Interior minister Fred Matiangi thinks otherwise. He has announced that they will remain off the air and has even accused some journalists of being accomplices of the National Super Alliance (NASA), the main opposition coalition.

His targets include Linus Kaikai, the chairman of the Kenya Editors’ Guild and head of NTV, a commercial TV channel owned by the Nation Media Group. When armed plainclothes police took up position outside the Nation Media Group’s headquarters on 31 January, he and two colleagues remained inside all night because police sources warned them they would arrested if they left.

Three days earlier, Kaikai had posted a Kenya Editors’ Guild statement on Twitter expressing alarm about the government’s growing readiness to censor the media.

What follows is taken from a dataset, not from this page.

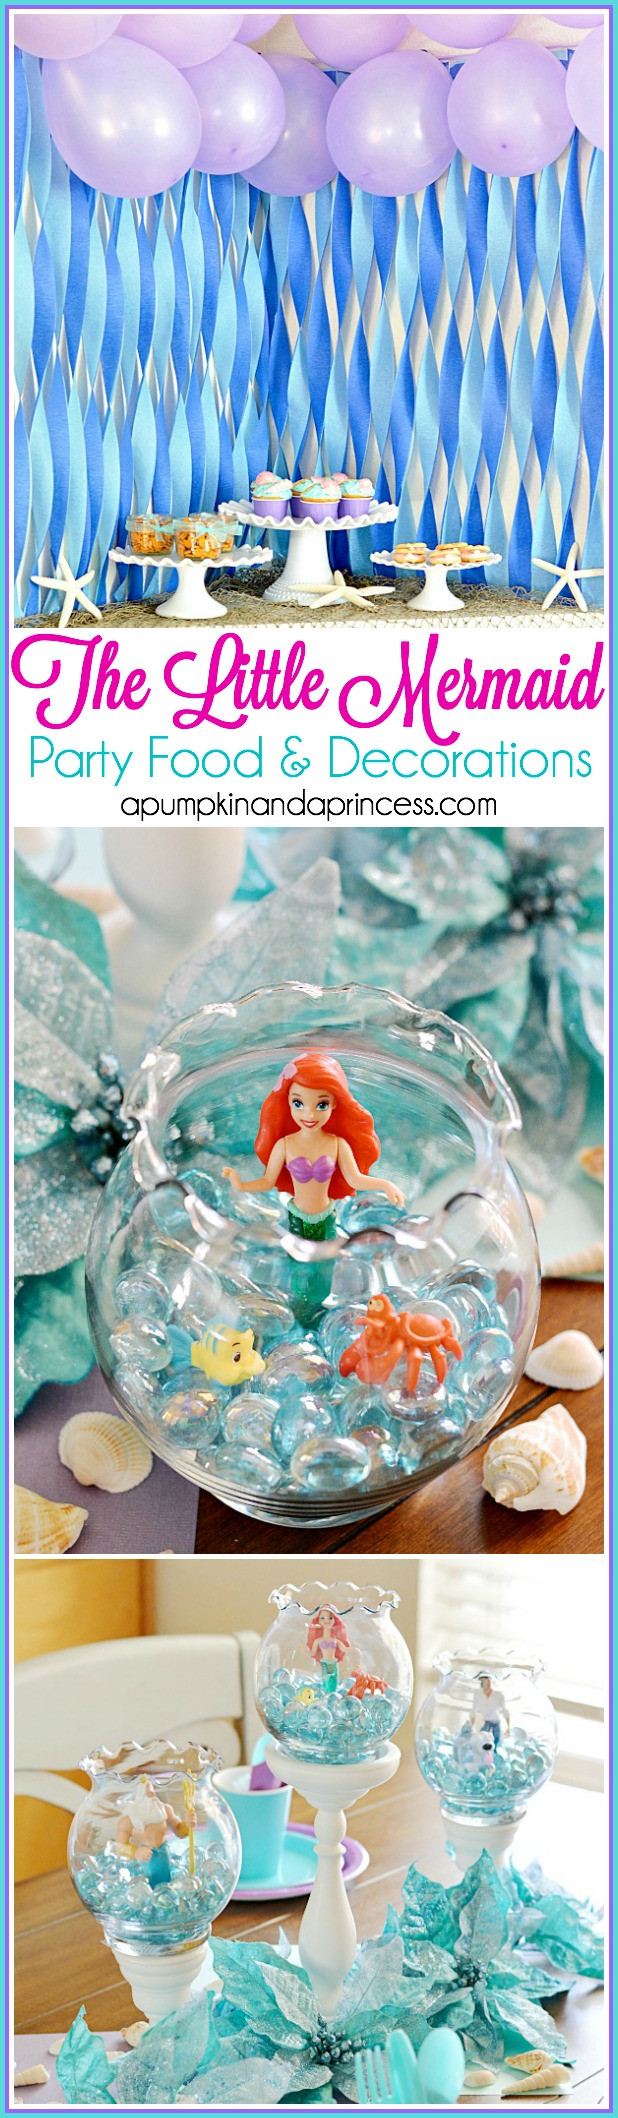 Little Mermaid Birthday Decorations
 The Little Mermaid Party A Pumpkin And A Princess

In all four TV channels were taken off the air on 31 January for defying President Uhuru Kenyatta’s orders not to provide live coverage of Odinga’s symbolic swearing-in as “people’s president.” Two of them, NTV and KTN, were able to resume broadcasting yesterday.

“You cannot cherry-pick who the high court decision applies to,” RSF said. “All the TV channels that were deprived of their signal must be able to resume broadcasting, as the court ruled. Prolonging their suspension is a political decision that harms media independence and restricts the right to be informed, a right guaranteed in the constitution.”

The Office of the United Nations High Commissioner for Human Rights has also voiced concern about the Kenyan government’s attempts to interfere with the right to freedom of expression, including its threat to rescind the licences of the TV channels that broadcast the Odinga mock inauguration.

Kenya is ranked 95th out of 180 countries in RSF's 2017 World Press Freedom Index.